Do any of you make your coffee in a French Coffee Press? How do you make yours. 

I buy the French Roast McDonalds ground coffee because I like it strong. I use 4 heaping spoons of coffee in the press and fill with pretty hot water. Put the top back on and push the plunger down just enough so all the grounds will be under the water. 

I let it stand on my countertop for about 16 hours or so. Makes about three fair size cups of coffee.

Any different ways to make it in the press?


----------



## Windows on Wash (Aug 30, 2011)

If you want strong Jim, try cold brew. You can let it steep for like 36 hours and it will take your head off.


----------



## Two Knots (Nov 12, 2011)

French press is all we use...My guy makes the coffee and if it’s not hot and 
strong I complain? :biggrin2: We fill the pot and put it in the microwave
to heat it up...( our press is glass and has a plastic handle) 
Then remove it and add the coffee, we also add a spoon of black coffee ( expresso) to each pot. 

We let it sit for a few minutes before we plunge it.
We also make expresso in the French press too.


----------



## wooleybooger (Feb 23, 2019)

Only used a French Press once. Put the grounds, boiled water and added then pushed the water slowly through. Just that fast and it worked for me. Personally I prefer French Market coffee and chicory in a drip pot but I have an automatic coffee maker thing, not as good with the French Market.


----------



## BigJim (Sep 2, 2008)

I checked out a video on youtube how this fellow made his. His press was just one cup. I kid you not, he put 4 heaping tablespoons full of dark coffee in that one cup. 

He use 200 degree water and let it bloom with maybe a 1/4 cup of hot water for 30 seconds. He then poured the rest in and waited exactly 3 1/2 minutes then plunged it. That stuff could have been used for ink, I like it strong but for crying out loud that is a little too strong for me.
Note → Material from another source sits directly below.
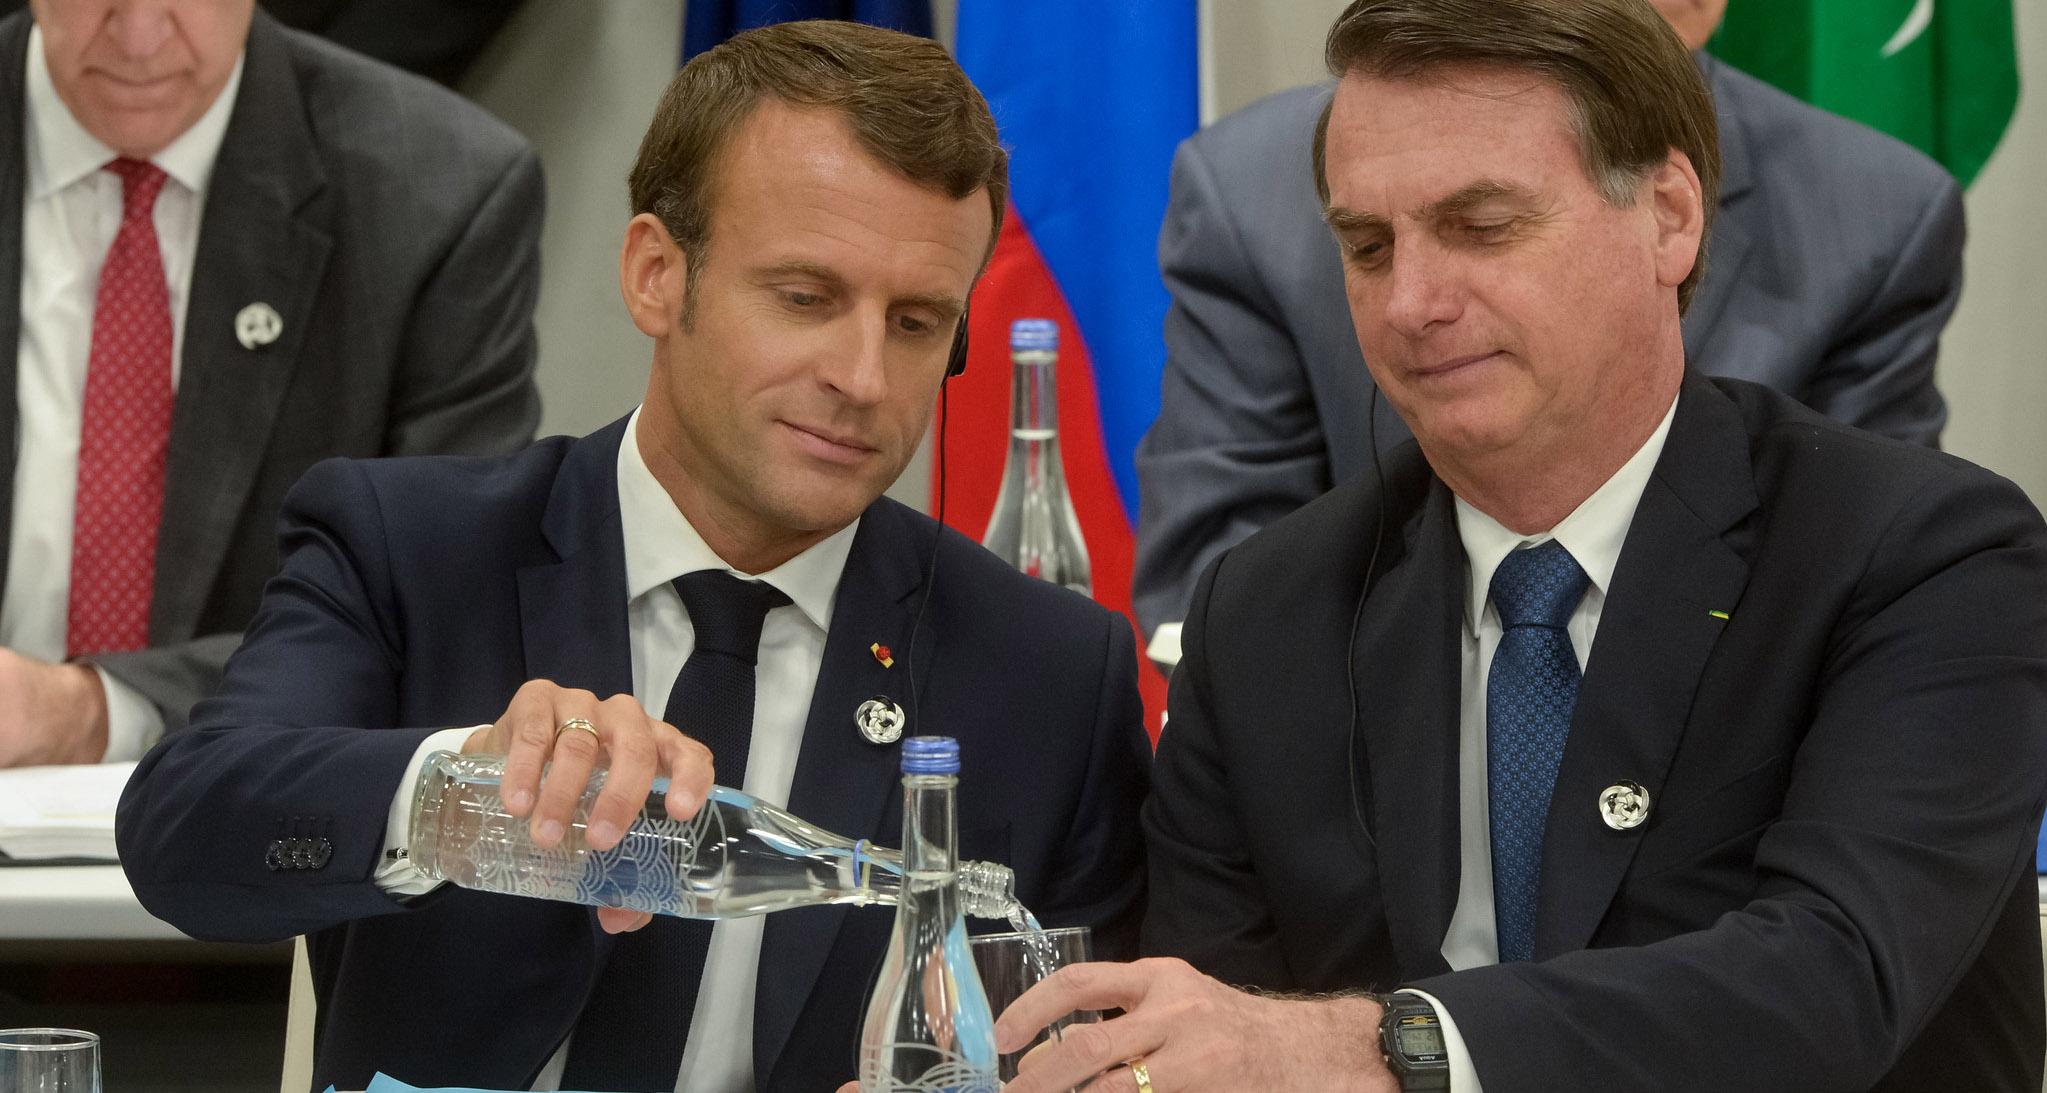 Aonde Levar Macron Amazonia Real

I wish our press was all glass so we could microwave but it has stainless steel parts on it.


----------



## Old Thomas (Nov 28, 2019)

My daughter goes through a lengthy routine to make coffee. I drink gas station coffee.


----------



## Two Knots (Nov 12, 2011)

Old Thomas said:


> My daughter goes through a lengthy routine to make coffee. I drink gas station coffee.


I expected you to say, “ French Press, Not for Me.” LOL! :vs_laugh:


----------



## Old Thomas (Nov 28, 2019)

Two Knots said:


> I expected you to say, “ French Press, Not for Me.” LOL! :vs_laugh:


That too! The only French thing on my menu is an occasional French fry.


----------



## railroadjaden (Mar 20, 2020)

I use an aeropress for my coffee, it extracts extra flavor from the coffee and acidity is lower.


----------



## BigJim (Sep 2, 2008)

I haven't seen or heard of one of those, but isn't that basically the same thing as the French press, just a little different?


----------



## wooleybooger (Feb 23, 2019)

BigJim said:


> I haven't seen or heard of one of those, but isn't that basically the same thing as the French press, just a little different?


Yes, same thing but maybe glorified a little.


----------